Quizás también encontraríamos a las mujeres anónimas, a aquellas que nunca publicaron un libro ni recibieron un reconocimiento, pero cuyo trabajo permitió que una familia, una comunidad o una tradición sobreviviera.CulturAutlán nos permite comprobar que los nombres existen: Francisca García Mancilla, Lavinia Cueva Zepeda, Josefina Robles Cisneros, Dolores y Esperanza Martínez Guzmán, Benita Pelayo, Magdalena Pelayo, Elvira Joya, Refugio Ramírez, Dolores Ramírez, las escritoras, las pintoras, las músicas, las investigadoras, las mujeres que hoy están creando.

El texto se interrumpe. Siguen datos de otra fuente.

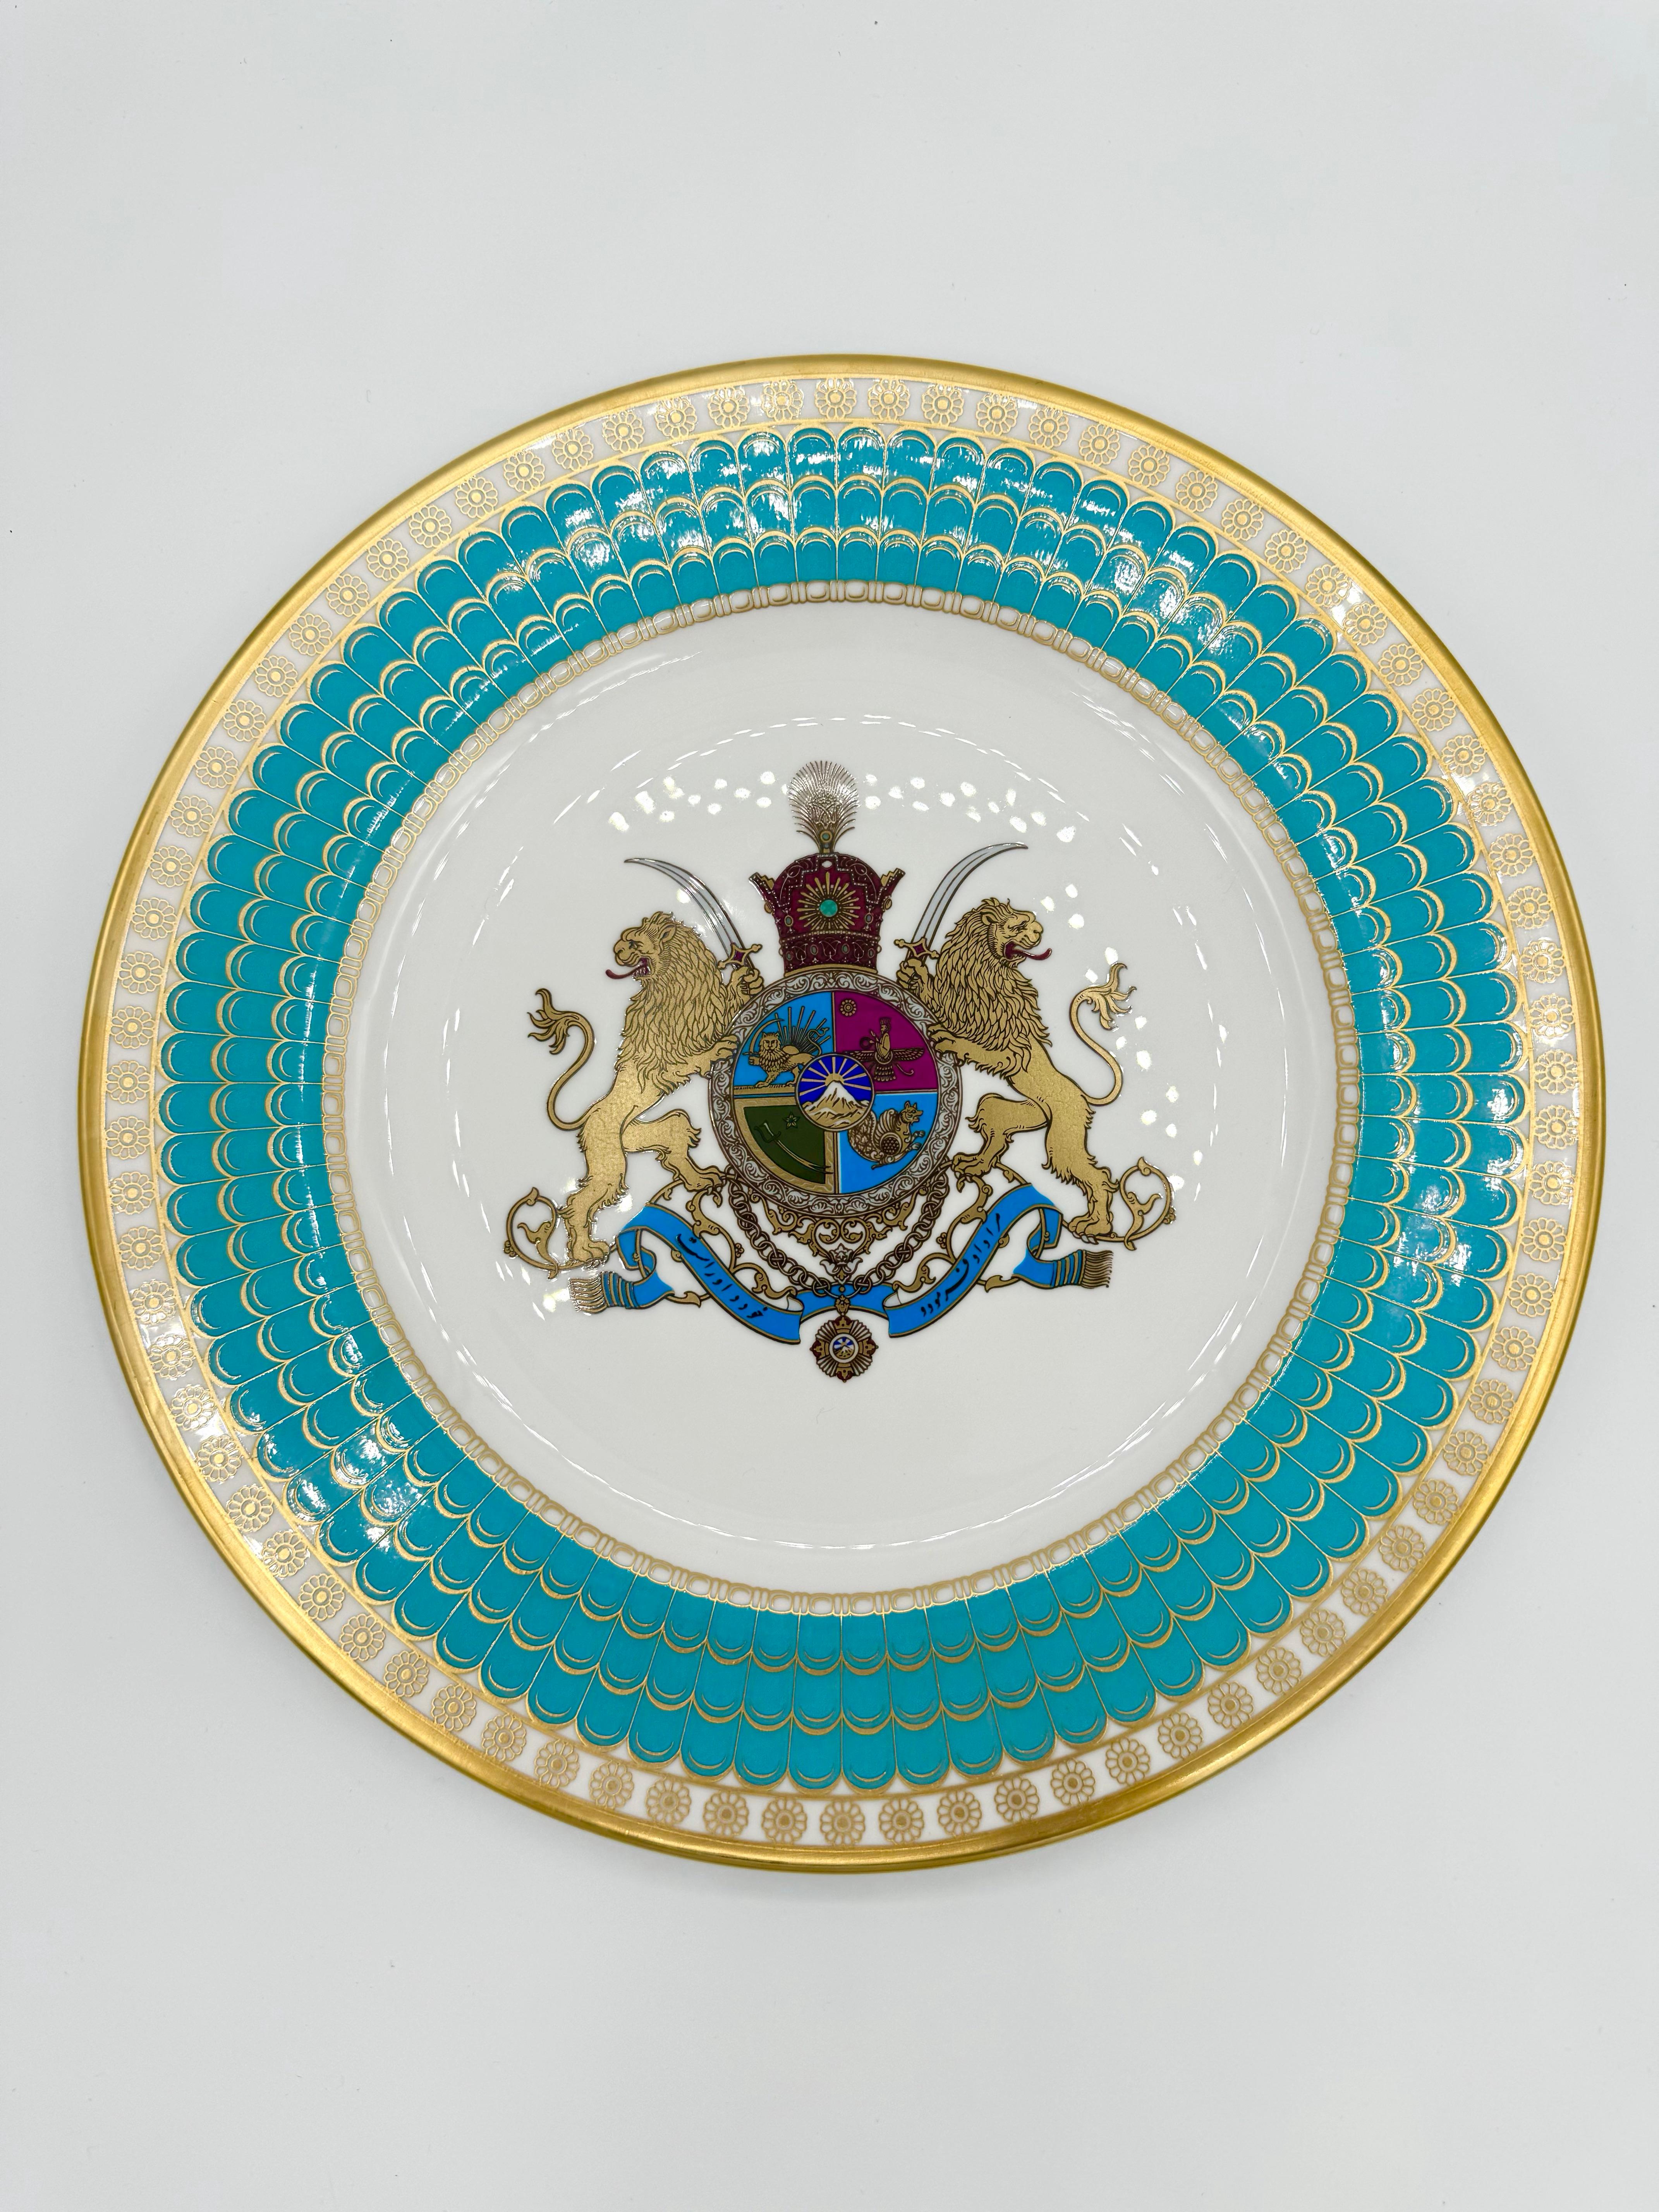 Eines von 10.000 Exemplaren, die 1971 von Spode zum Gedenken an 2.500 Jahre persische Monarchie hergestellt wurden. 27 cm Durchmesser.

Pero esta lista no debería ser un punto final, sino que debería ser el comienzo, porque seguramente existen muchas otras mujeres cuyos nombres permanecen en archivos familiares, fotografías antiguas, actas, programas de mano, periódicos, testimonios y recuerdos que todavía no han sido investigados. Y ahí está uno de los grandes retos de nuestra generación. Porque si no conocemos nuestra historia, corremos el riesgo de repetir no solamente sus errores, sino también sus silencios.
La historia de Autlán no fue construida únicamente por quienes aparecen en las placas; también la construyeron quienes nunca tuvieron una.Y es por eso que la pregunta permanece: ¿Cuántas mujeres necesitamos recordar para contar la historia de Autlán? Quizá sean muchas más de las que conocemos y quizá el verdadero trabajo apenas comienza.